With racist abuse of black English football players marring Euro 2020, the expansion of the Black Lives Matter campaign and organisations rolling out policies aimed at inclusivity, this seems a perfect time to highlight some good paperback reads to help make sense of the issues raised and some historical context.

Black and British by David Olusoga
In Black and British, historian, writer and broadcaster Olusuga reveals the long relationship between Britain and the people of Africa, from Roman times to the 20th Century.

This unflinching read reveals that behind the economic boom and bust of the South Sea Bubble was Britain’s global slave-trading empire, African Legionaries were stationed in Roman Cumbria and Black Britons fought at the battle of Trafalgar and in the trenches of WWI.

There is also an edition for school-age children; Black and British: A Short, Essential History.
The paperback book based on Olusoga’s BBC series A House Through Time is also out now.

The Lonely Londoners by Sam Selvon
Published in 1956, Selvon’s award-winning book is a funny and iconic chronicle of post-war Caribbean migration to Britain.

This slim but influential work encapsulates the romance and disenchantment of an imagined city that was both magnet and nightmare for its new colonial citizens, a promised land that turned out to be an illusion for these young idealists.

Selvon deserves a place with the ‘Angry Young Men’ of the 1950s such as John Osborne and Alan Sillitoe as a chronicler of changing times.

Black Tudors: The Untold Story by Miranda Kaufman
The Tudor period is a favourite of historical fiction and costume dramas. Kaufman’s book tells the stories of 10 significant Africans less well known to us, tracing their tumultuous paths through society; uncovering a rich array of detail about their daily lives and how they were treated.

This was a world where skin colour was less important than religion, class or talent; before the English became heavily involved in the slave trade, and founded the American colonies.

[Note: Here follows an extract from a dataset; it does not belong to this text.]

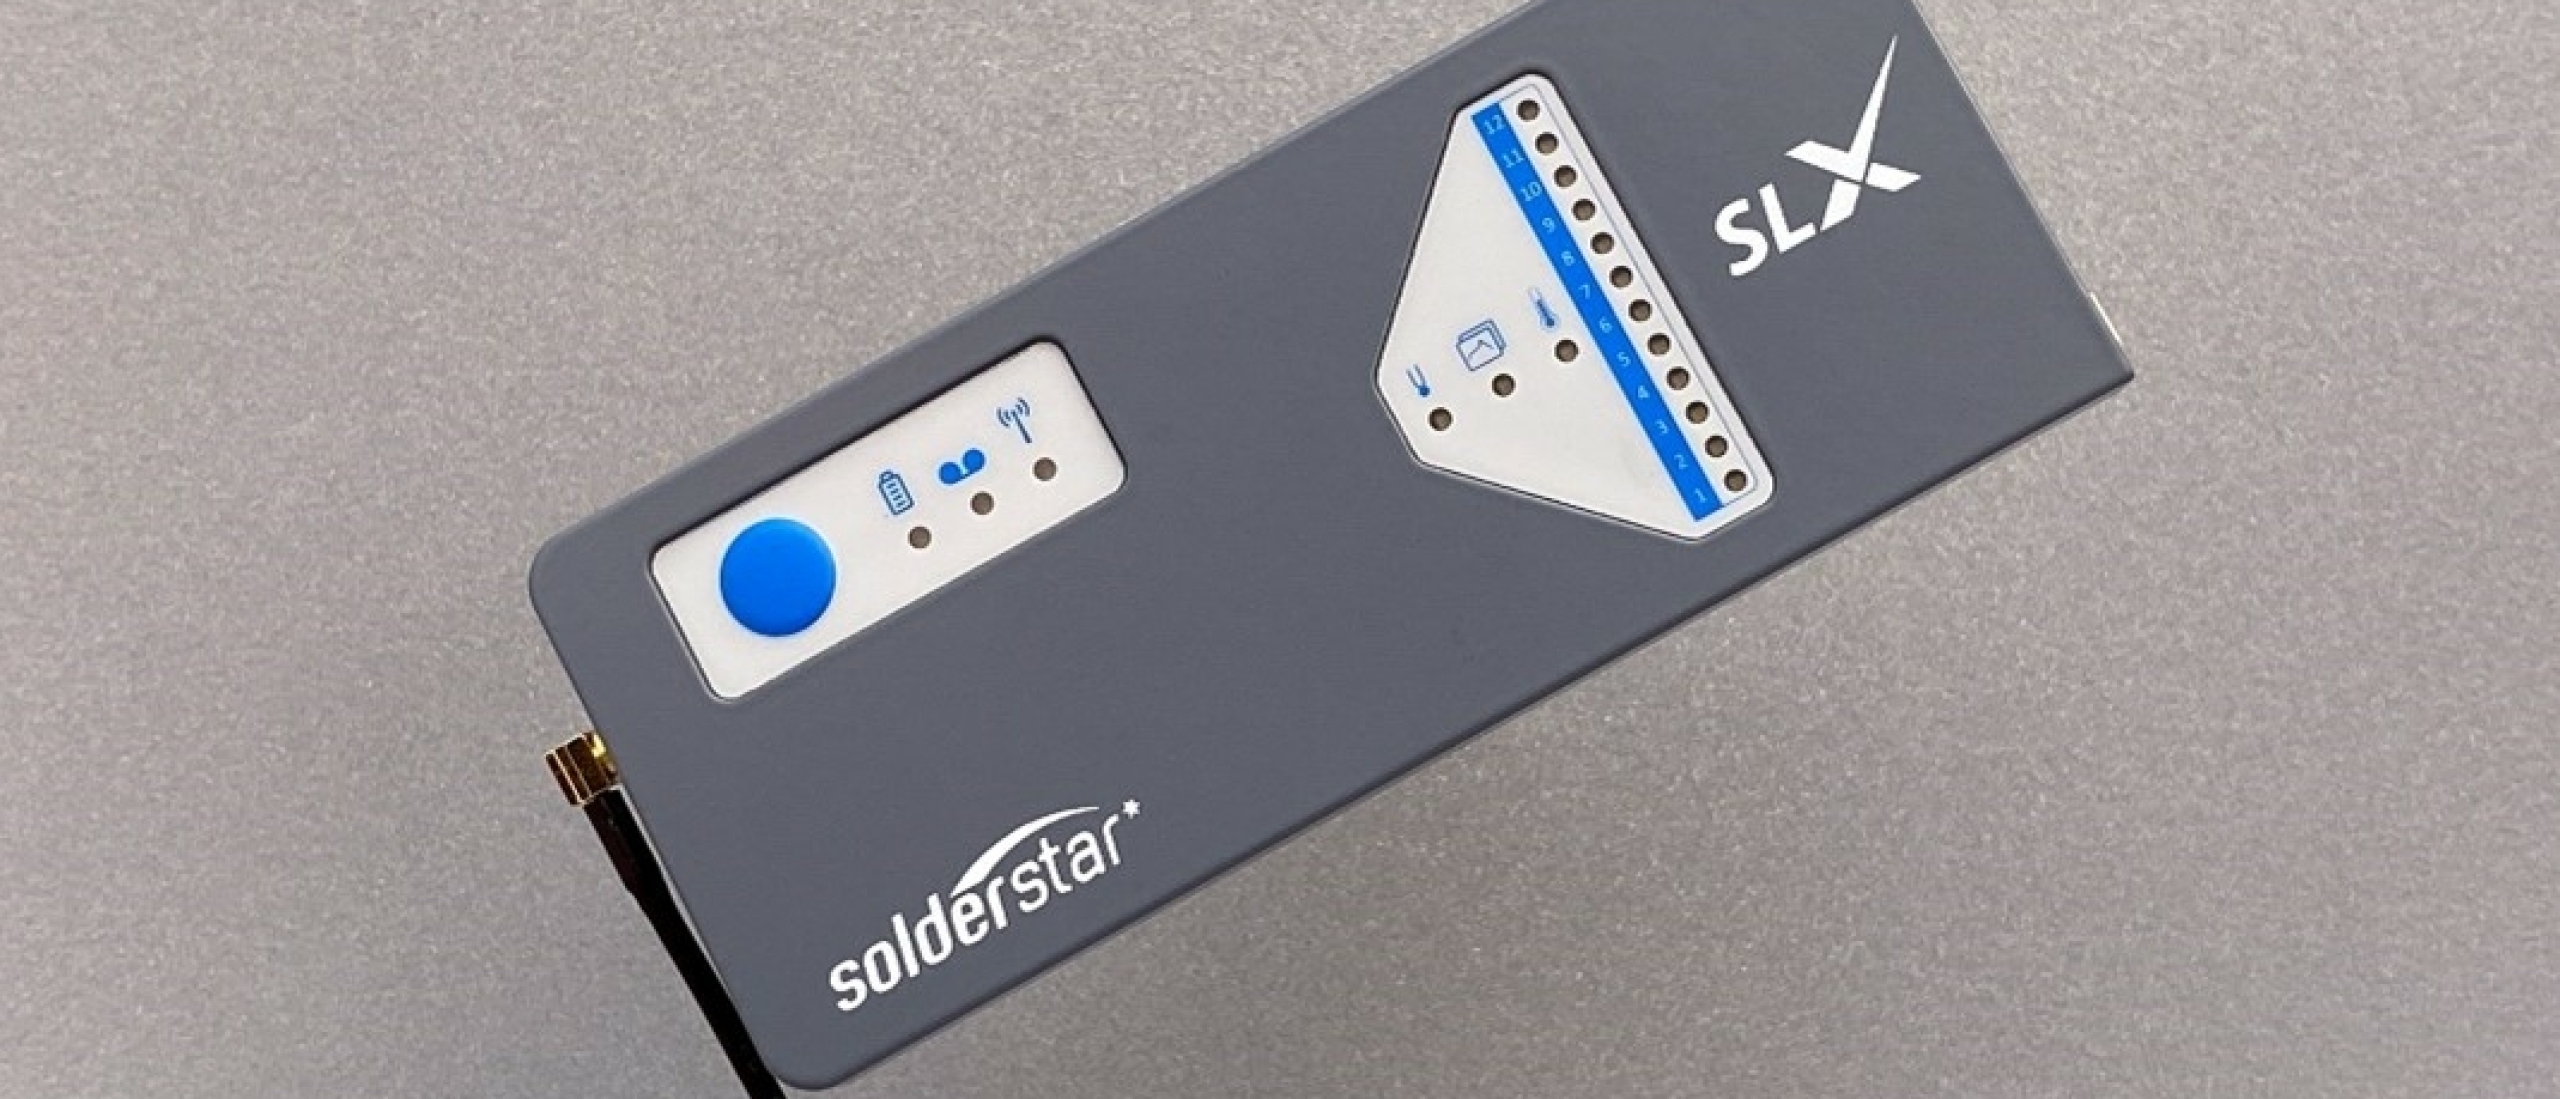 Solderstar SLX, the new benchmark in Thermal profiling.

These stories question the traditional narrative that racial slavery was inevitable and that it was imported to colonial Virginia from Tudor England.

Windrush, A Ship Through Time by Paul Arnott
The word Windrush has become associated with the Home Office’s ‘hostile environment’ but East Devon’s Paul Arnott tells the full story of the ship significant for the landing of the first members of the Windrush Generation at Tilbury in 1948 in a wonderfully readable book.

It is an intensely political and revealing narrative, detailing how a ship built in a Jewish-owned shipyard in pre-Nazi Germany, later took Norwegian Jews towards their death in Auschwitz, ferried British soldiers from Indian partition and to combat Mau Mau freedom fighters in Kenya.

Windrush is a fascinating look at 20th-Century history through the life of a single ship.

Girl, Woman, Other by Bernardine Evaristo
Despite being hailed as a breakthrough, Evaristo’s joint Booker-winning novel was, in fact, her 11th book.

Girl, Woman, Other follows a cast of 12 vivid characters on their personal journeys through society and the last hundred years. They're each looking for something; a shared past, an unexpected future, a place to call home, somewhere to fit in, a lover, a missed mother, a lost father, even just a touch of hope.

One of our book group favourites, Girl, Woman, Other is great for getting a discussion going and is an exuberant read.

Evaristo’s memoir Manifesto: A Rallying Cry to Never Give Up is published on October 7.